In 2010, UNITAID allocated US$ 156 million to the Clinton Health Access Initiative (CHAI), formerly the Clinton HIV/AIDS Initiative, to supply enough second-line medicines (used when patients develop resistance to their first treatment) to treat 126 000 people, including antiretrovirals to improve first-line regimens, and enough AIDS treatments to treat 330 000 children in 40 developing countries. Of the full amount, approximately 1% (US$ 1.5 million) will cover administrative costs and staff salaries. CHAI raises an additional US$ 10–15 million to provide technical assistance and support to national AIDS programmes, in order to ensure that patients receive their treatments. The collaboration between UNITAID and CHAI began in November 2006 – 375 000 adults and children were being treated with UNITAID funds at the end of 2009. UNITAID allocated a ceiling budget of US$ 458 million for improved paediatric and second-line treatments through 2010.
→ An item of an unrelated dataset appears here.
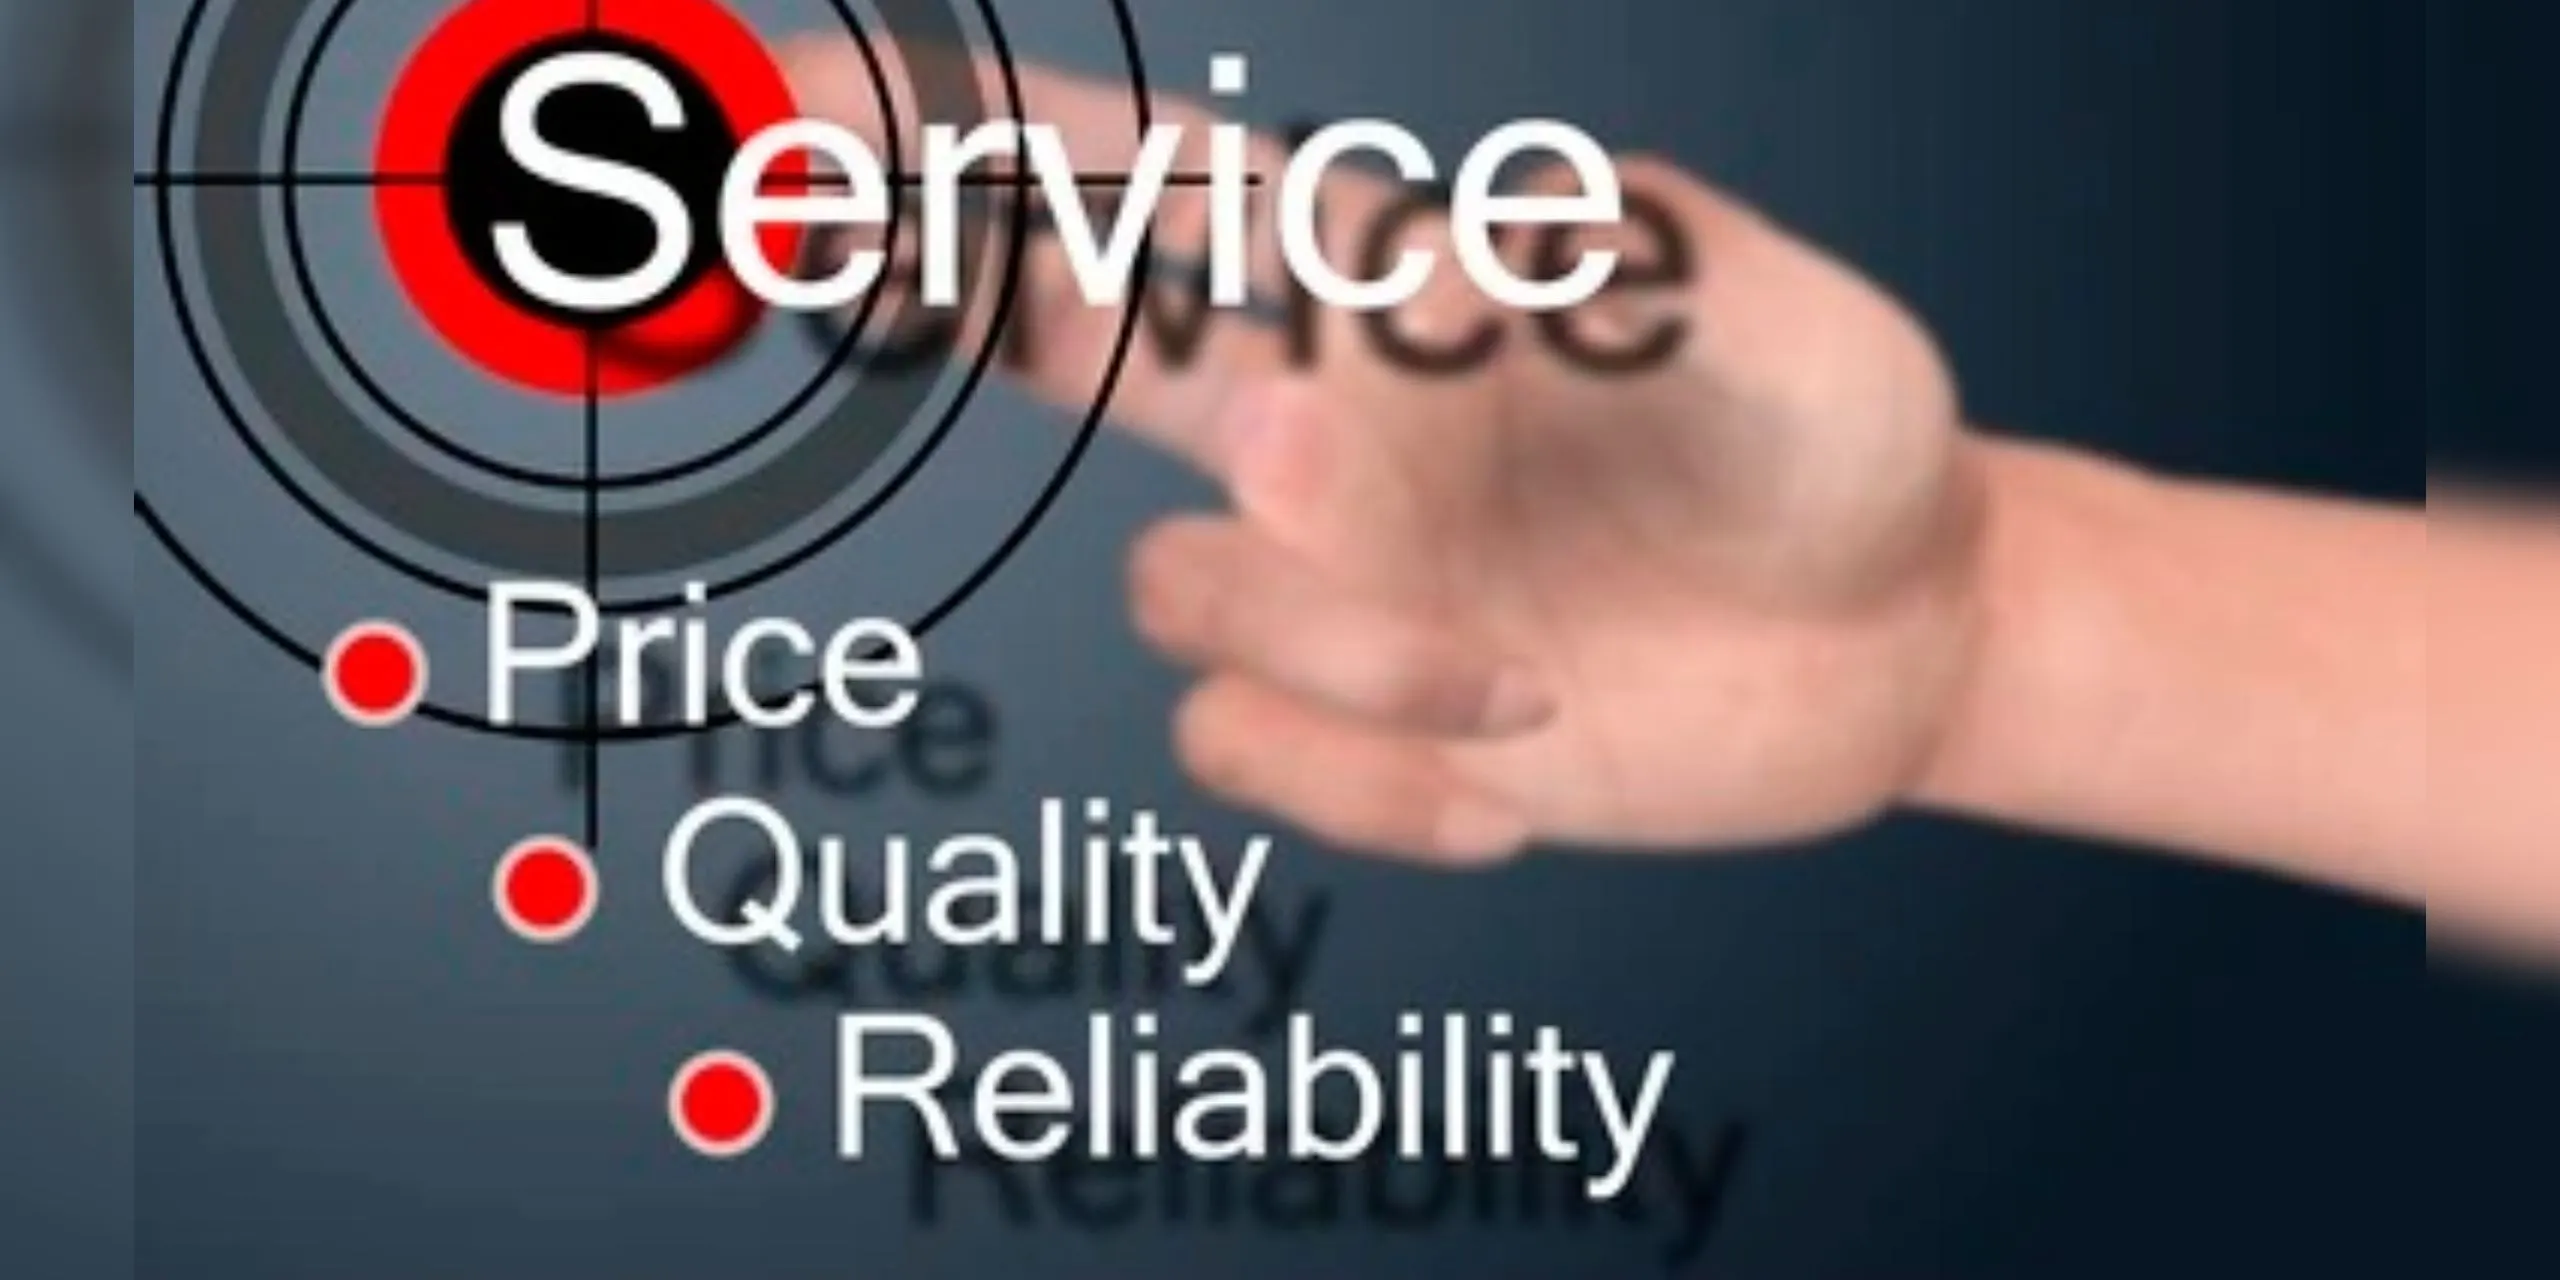 One vendor fulfills all your basic IT needs with the best rates and service in the industry!

Among the principal results the partnership has achieved are:

  • eight out of ten children on AIDS treatment are being treated thanks to this partnership;
  • a market has been created for child-friendly AIDS medicines where none existed before, achieving cumulative price reductions of up to 80% on leading paediatric HIV/AIDS medicines;
  • a sharp reduction in the price of the antiretroviral treatments since 2006. The annual cost of a second-line regimen has been reduced from US$ 1500 in 2006 to US$ 450 in 2011, and for paediatric regimens, from US$ 200 to US$ 66 in 2009. UNITAID has made the money go further – more people are treated with the same funds;
  • the introduction of improved antiretroviral formulations, such as fixed-dose combinations for children (three-in-one pills), which are easier to take and ensure better therapy;
  • early infant diagnosis, which facilitates earlier access to treatment.